(Exercise material)
╔══
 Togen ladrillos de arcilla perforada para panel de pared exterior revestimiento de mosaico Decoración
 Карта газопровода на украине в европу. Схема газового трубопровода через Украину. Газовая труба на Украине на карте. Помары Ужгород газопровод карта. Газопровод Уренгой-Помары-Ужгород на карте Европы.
╚══
╔══
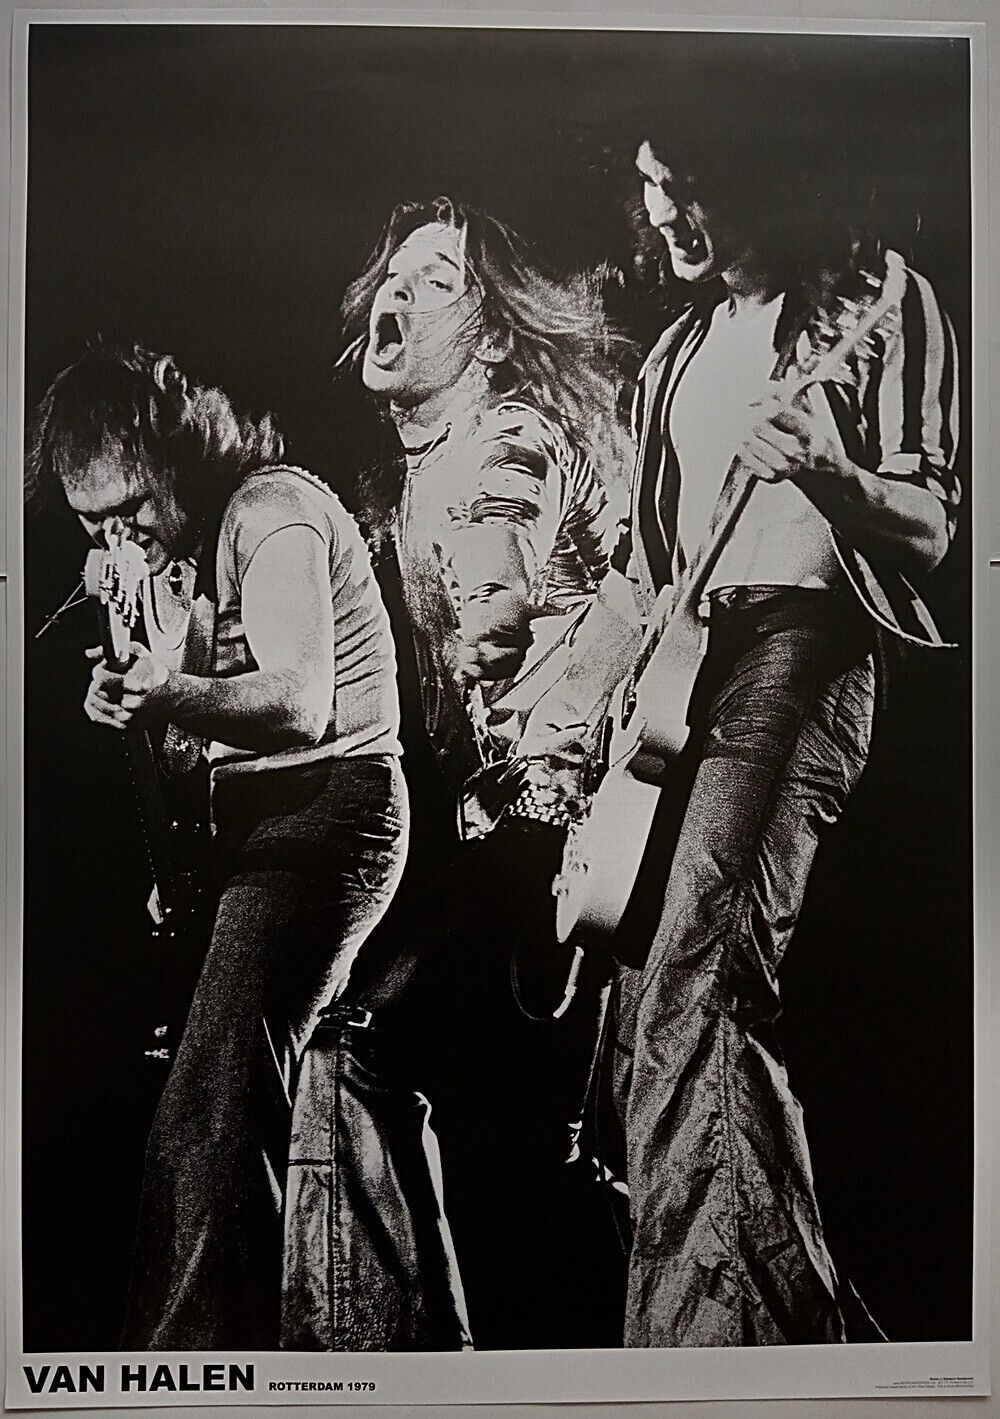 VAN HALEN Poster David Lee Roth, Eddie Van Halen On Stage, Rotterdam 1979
╚══
(Task) Retype exactly the lines of the data above that fall between the line with "Togen ladrillos de" and the line with "Карта газопровода на", inclusive, and add nothing.

(Written response)
 Togen ladrillos de arcilla perforada para panel de pared exterior revestimiento de mosaico Decoración
 Карта газопровода на украине в европу. Схема газового трубопровода через Украину. Газовая труба на Украине на карте. Помары Ужгород газопровод карта. Газопровод Уренгой-Помары-Ужгород на карте Европы.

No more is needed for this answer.